Знал ли Крупин это? Или фантазировал? Но точно была революция, и точно прадед воевал у Чапаева, командовал пулеметным расчетом. Отличился, стреляя по своим.
Как это – стрелять по своим? Крупин не представлял. Но разве люди, что перед подъездом, не здороваясь, ставили машины в ряд, как лакированные туфли в прихожей, не стреляют в своих? Крупин видел деда, кричавшего на Майдане: «Будьте вы прокляты!» Его увели куда-то. И верзила с детским лицом сунул ему кулаком под ребра. «И это тоже война! Начало войны! Своих со своими!» – вдруг полыхнуло в мозгу.
Крупин вернулся в темную комнату, зашарил свободной рукой по паркету. Отыскал кварцит – до боли сжал его в руке.

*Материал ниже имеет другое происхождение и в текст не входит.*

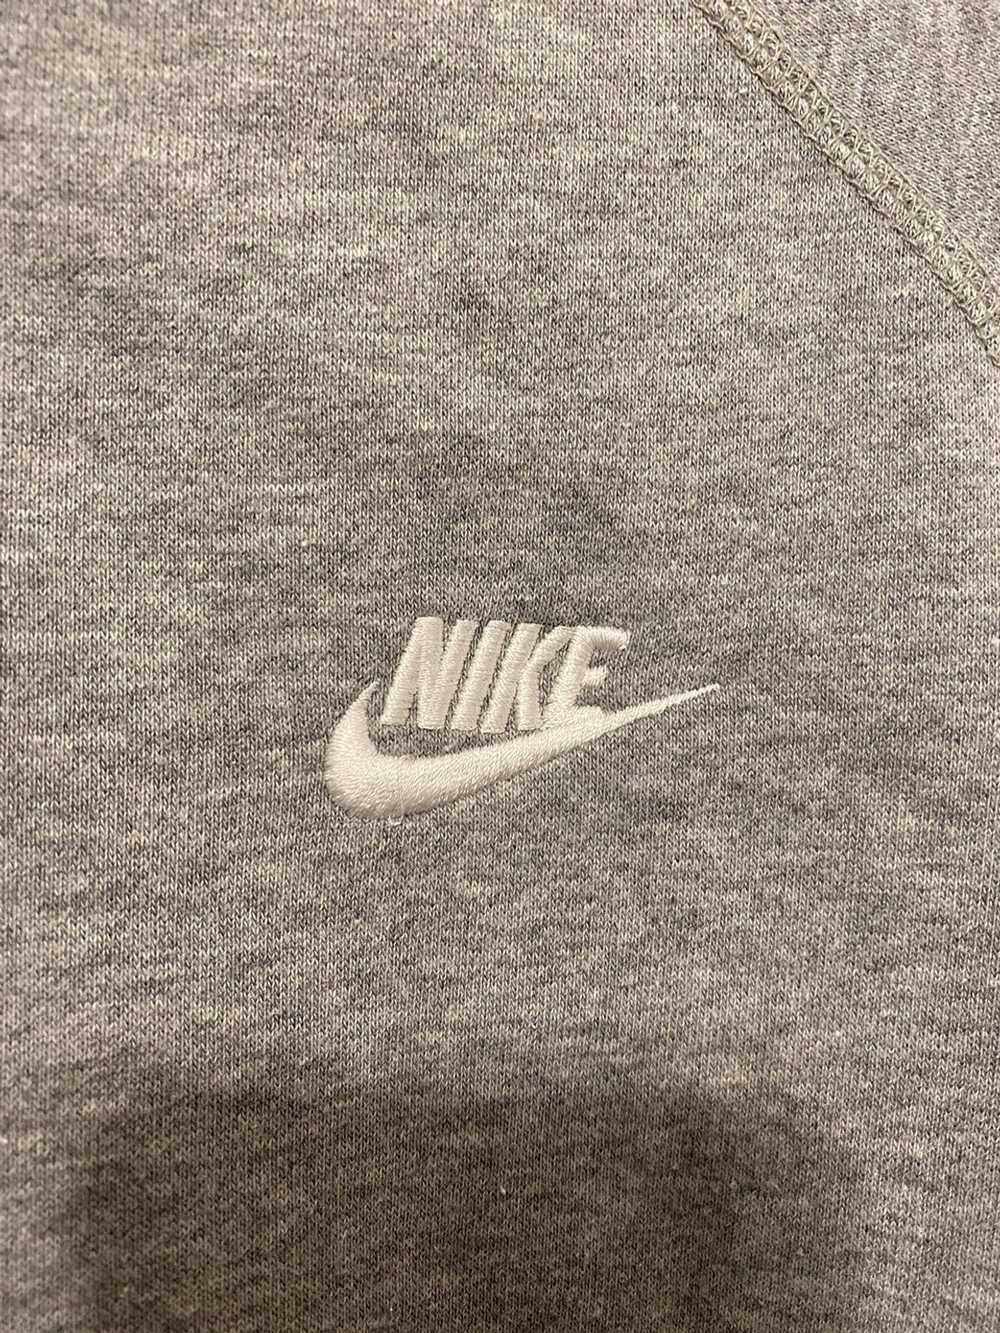 Nike Nike Jacket - image 2

Прадед был добрым. Когда его назначили главным по раскулачиванию в родном селе, он заранее приходил к жертвам и говорил: «Прячьте что можете! Мы придем завтра!» Возможно, это была только легенда. Возможно даже, Крупин придумал ее прямо сейчас. Но так хотел в нее верить – в живое, сильное.
Хотя мог ли быть добрым тот, кто отличился в Гражданской войне? Кто убивал людей из пулемета? Кто раскулачивал? Кто отбирал скотину, зерно? На это Крупин не мог ответить, но он знал, что кровь прадеда – его кровь, судьба прадеда – фрагмент судьбы всей страны; вынь кусок – и посыплется, замени – и утратится правда. Так делали – и разрушали целое. Сам Крупин был из таких. Неспособность вместить жизнь как процесс, как непрерывность мучила его последние годы, ломала, выкорчевывала из жизни. Настолько, что двадцать минут назад он хотел повеситься. Не впервые. И он ли один?
Но думал ли об этом дед, думал ли прадед? В той жизни, которая была не легче.
Крупин помнил, чем отличился дед. На Великой Отечественной войне он спас корабль, затушив пожар. Крупин помнил, чем отличился прадед. Он зачищал волжские степи от бандформирований. И наткнулся на хутор, где квартировались бандиты. Их, по легенде, было не менее десяти. Напарника прадеда убили сразу, а он выжил. И уничтожил бандитов. Стал героем. Отец Крупина уже не был таким – он слишком часто миндальничал, сомневался, но зато смог победить рак. Да, пожалуй, он тоже стал героем.
А что случилось с самим Крупиным? Почему на нем род героев прервался? Что стало с ним, подыхающим в пустой квартирке на куче тряпья? Он питался из рук тех, кто валил памятник Ленину. Ленину, за которого бились прадед и дед. И когда Крупин вспомнил панка, кувалдой разносившего памятник «на сувениры», а сам он, бездействуя, терся рядом, подтявкивая, подвывая, то понял, что сердцевина Крупиных извлечена – утоплена в бессилии и водке.
Вспоминая ту сцену, вульгарно-болезненную, Крупин презирал уже не только себя, но и тех, частью кого он стал. Порочное смирение, давно превратившееся в самоуничижение, обагрилось, прорвалось, точно плевра, и из него родилось новое – ненавидящее, требующее мести, способное на поступок.